▶ Exercise:
All lines from the one that contains "The More Divine" to the end of the data must be retyped exactly. Pictures are not retyped.

▶ Supplied information:
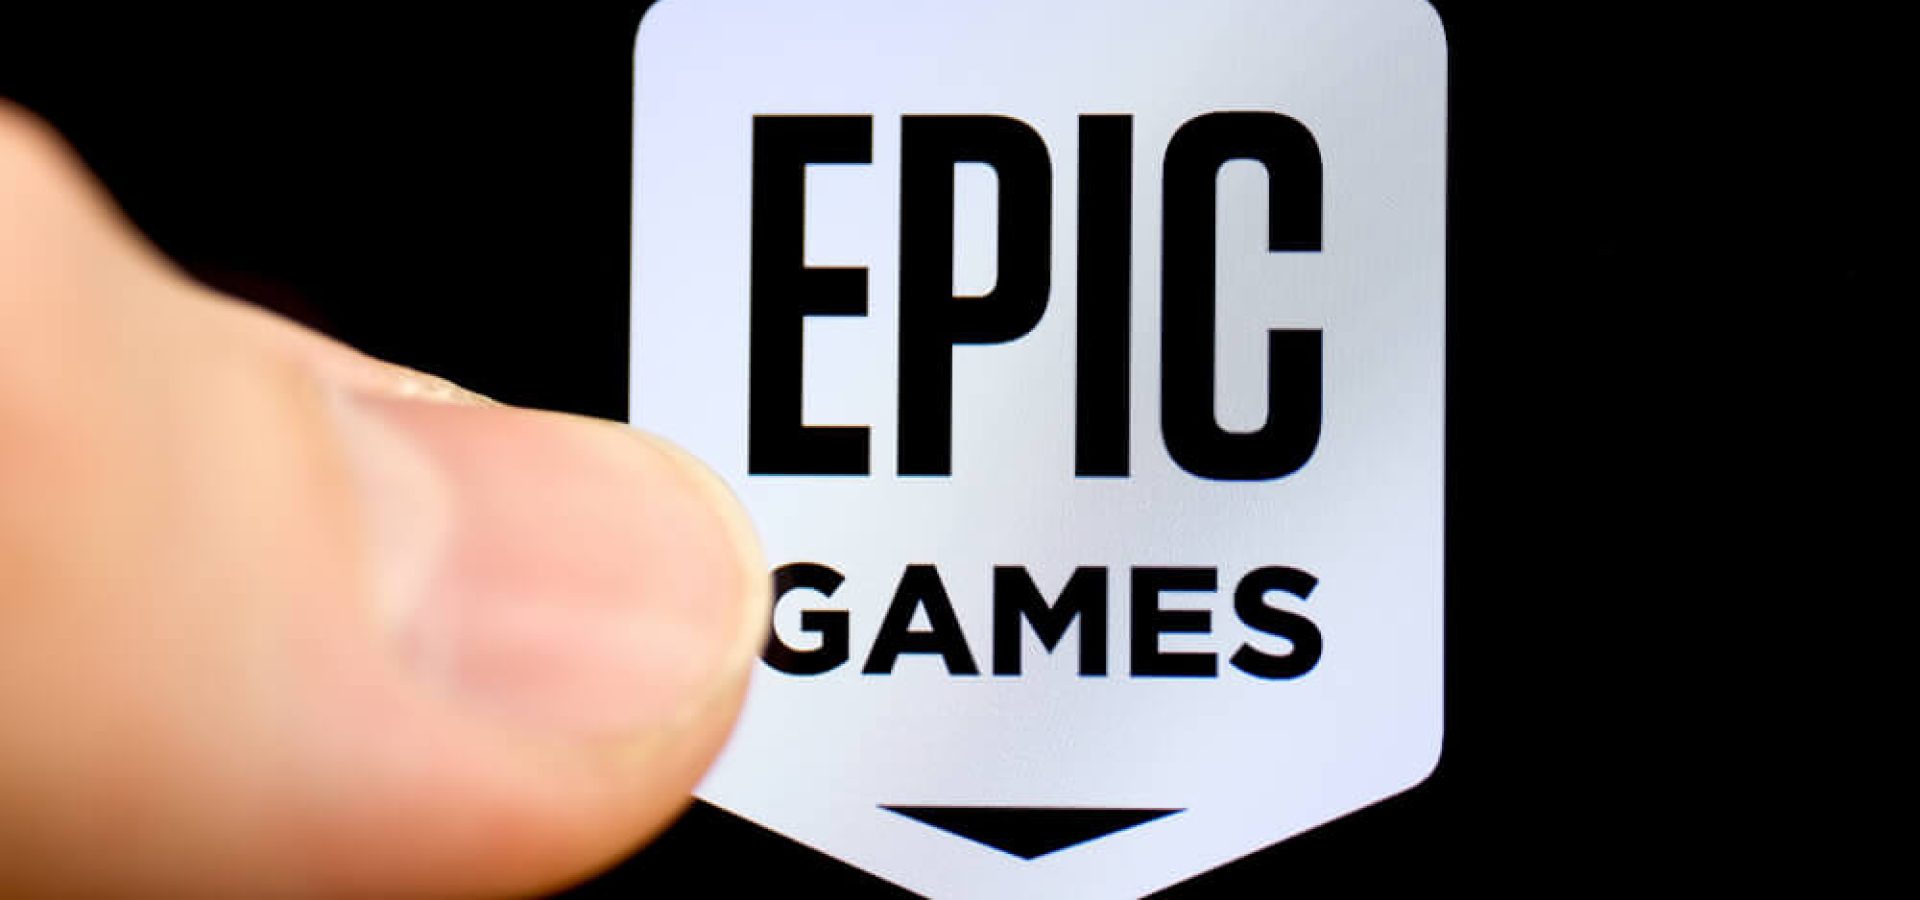 American company Epic Games on the smartphone with finger.
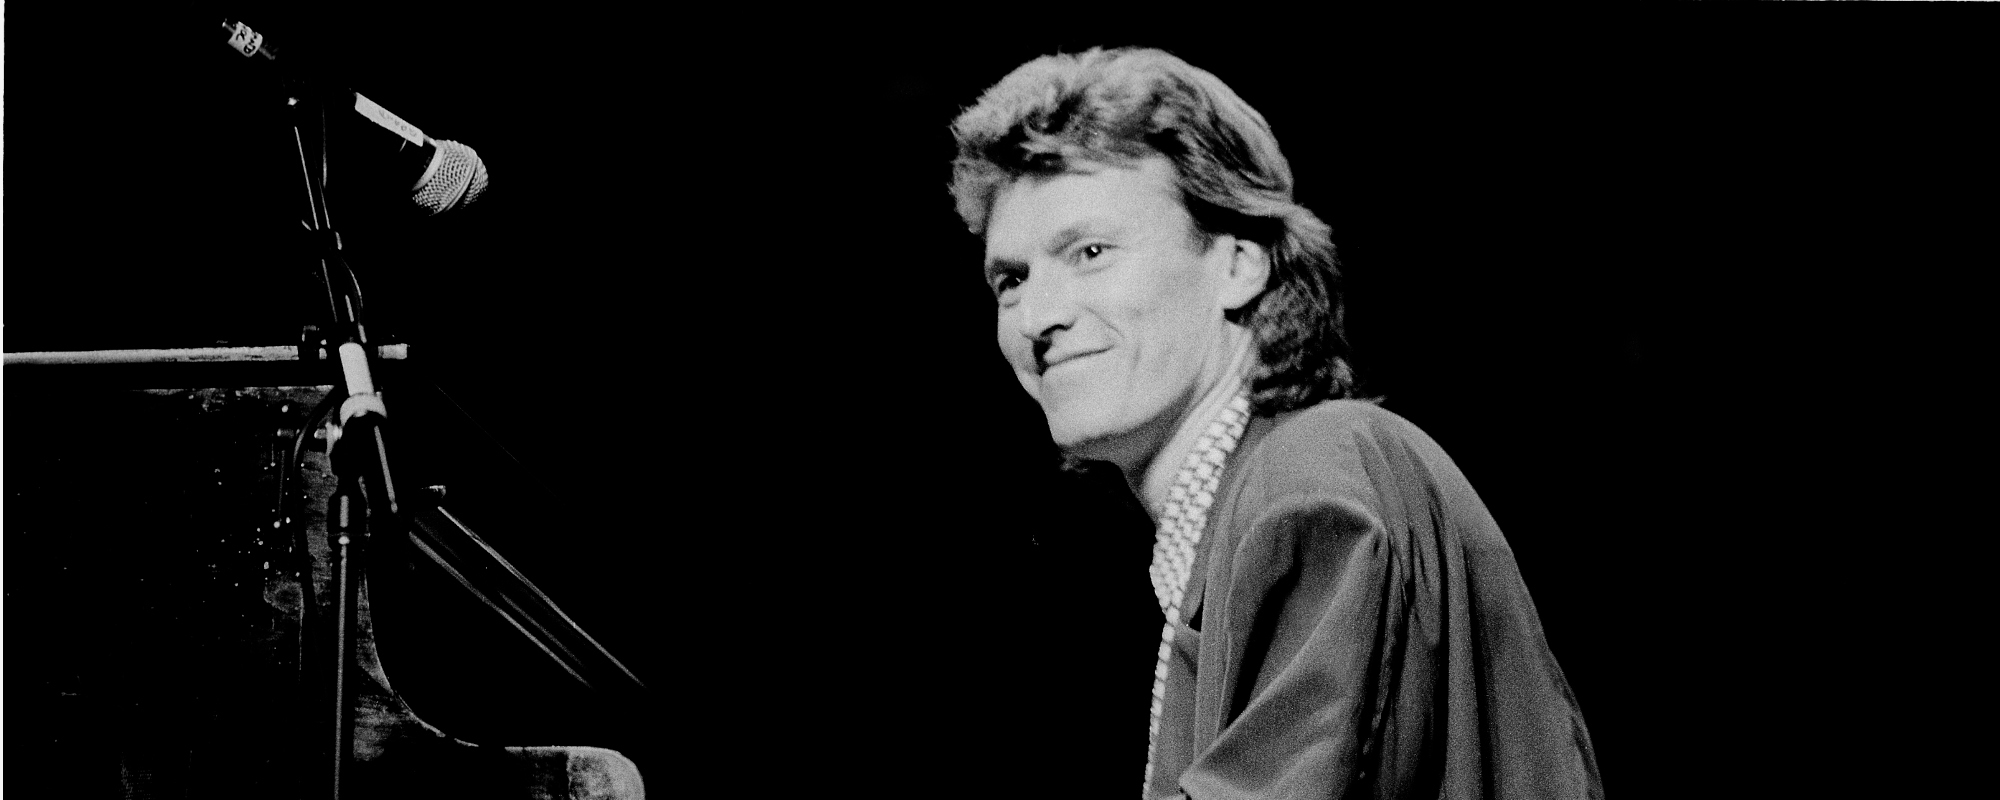 The More Divine Meaning Behind “Higher Love” by Steve Winwood
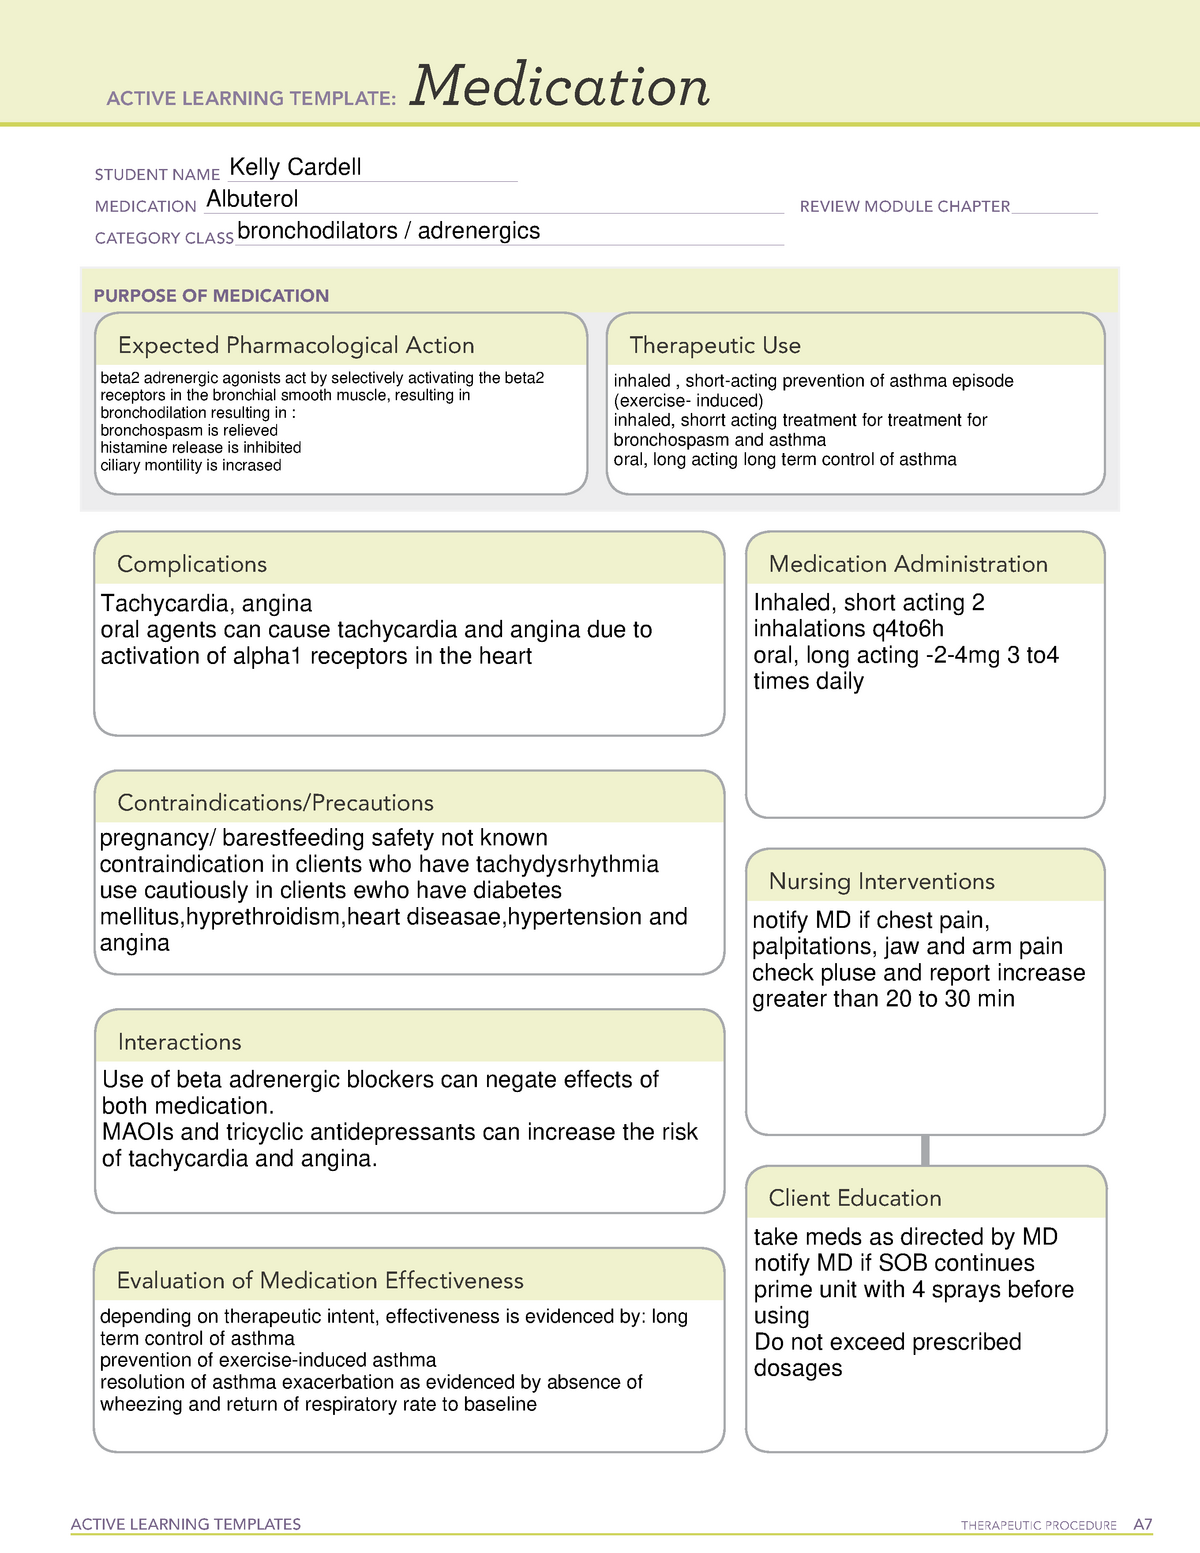 Active Learning Template Albuterol ACTIVE LEARNING TEMPLATES

▶ Response box:
 The More Divine Meaning Behind “Higher Love” by Steve Winwood
 Active Learning Template Albuterol ACTIVE LEARNING TEMPLATES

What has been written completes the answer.